It’s been a really difficult year.
I lost my dad in March and my relationship came to an abrupt end. The fire of grief has coursed through my veins and burned my heart leaving charred out remains of what might have been. Work has been extremely busy and everything has taken twice as long because my thinking seems to have slowed down to a snail’s pace. My health and fitness has taken a battering, my clothes don’t fit me and if I dare to peek in the mirror I see a woman who has aged overnight. Everything all feels a bit too much, like wading through treacle, each step forward takes superhuman effort and willpower. Usually I’m strong and resilient but I’ve been down to the depths of some very dark places and almost got lost in the tunnels of my own desperation.
Yet I have been nourished, nurtured and held by some pretty amazing people.
My friends and family have gone overboard with their support and kindness. Gorgeous text messages, thoughtful gifts, phone calls, cards and unexpected visitors in the middle of the night who were worried because I wasn’t answering my phone. Generous and random acts of kindness all given with love, wide smiles and big bear hugs. In my darkest moments I knew I could count on any one of my friends for their help.
I always saw myself as a tough and independent woman who helped others because I had resolved my own emotional baggage. I felt a sense of self-validation being the strong one, the one others turn to for help. Yet this year I experienced that to receive from others is not as easy as you think. To admit to feeling fragile, vulnerable and weak is very humbling.
Every challenge we endure gives us the opportunity to experience a higher version of who we are. If that’s the case (and I talk about this truth all the time in my professional talks) then I should be flying with angels right now!!!
But I have learned an important lesson.
The ability to receive requires you to believe that you are worthy and good enough.
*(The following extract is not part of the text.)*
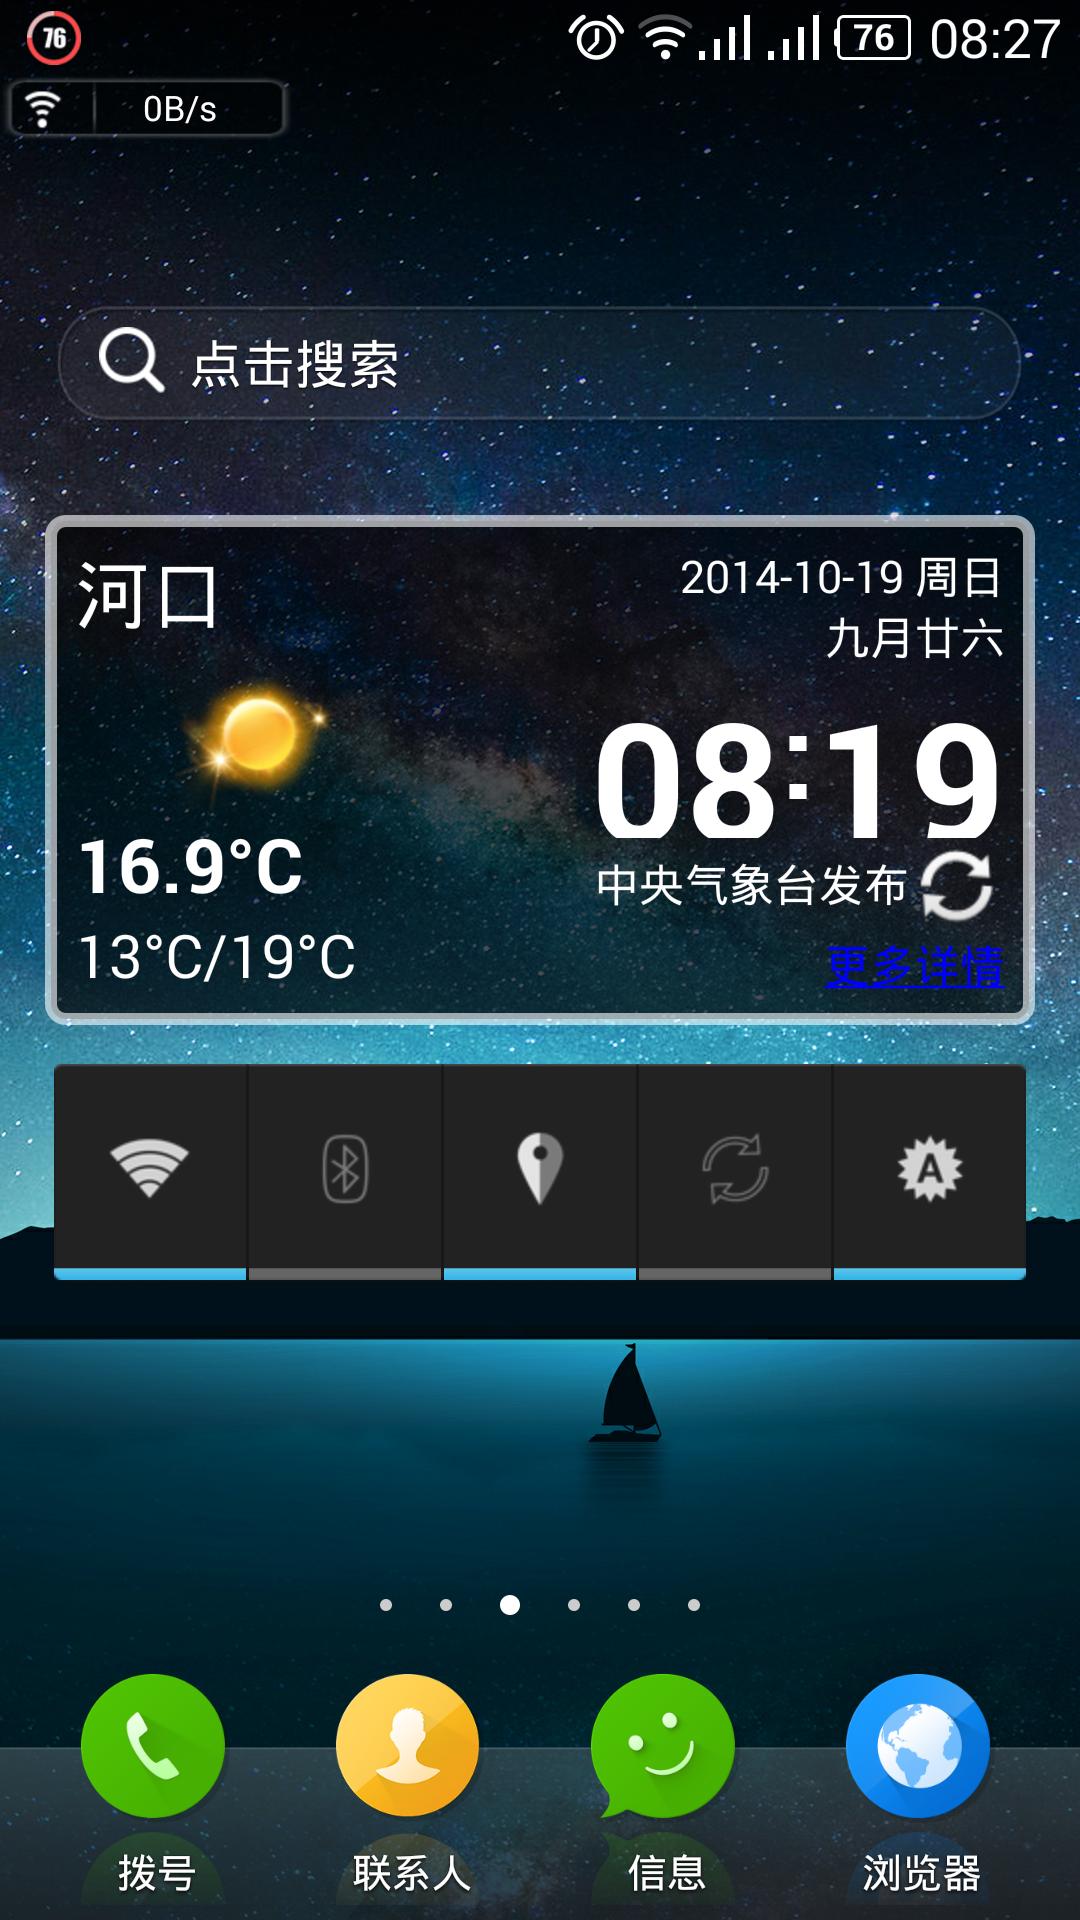 中兴手机提取的天气时钟插件

Whether someone is giving you their time, a gift, a compliment or advice, they are unconsciously expressing that you are worthy of what they want to give you. Often as we journey through the mystery of our life we experience moments when we feel safe and secure. From this mind set we become open and receptive. We have increased energy that we find easy to share so that our actions become orientated towards being selfless. Then there are times when events conspire to hurt us. The pain oozes like a corrosive vapour that saps our spirit and drains our energy. We feel scared, insecure and isolated. This triggers a primal need to protect ourselves. We build walls of resistance around our heart and our inward focus causes us to become more selfish. To receive anything from others often demands that we let down our guard, accept that it’s OK to be humble and that we are worthy of receiving from others.
When we feel uncomfortable receiving whether it’s in the form of a goodnight kiss, a hug from our partner, or a stranger’s compliment, opening our hearts requires something from us that we’re not always willing to give: trust, surrender, vulnerability, emotional availability, and self-love. If you feel unable to love yourself, how can you accept a loving gesture from another?
Over the years I have learned two important questions that I ask myself if I’m experiencing problems with receiving. I wanted to share them with you so that you can support yourself to be open and accepting about the gifts you receive.
- “Why am I protecting myself?”
- “What judgement am I making about myself for me to reject this person’s gift?”
Many of us live in a land of ‘Quid Pro Quo’ and feel obligated to repay any kindness we receive from others. When you are open to receiving then you are open to life itself. When you can see your strengths as well as your weaknesses and accept that both are ok and worthy, then you notice that you soften and surrender more easily to unconditional receiving.
Having an inability to receive especially if you have a proven track record as a ‘giver’ will hinder your progress and enjoyment of life. But when we learn the art of receiving we have been given the key to the elixir of a happier life.
If you were to change one thing, one thought, one belief about yourself that would enable you to master receiving, what one thing would you change?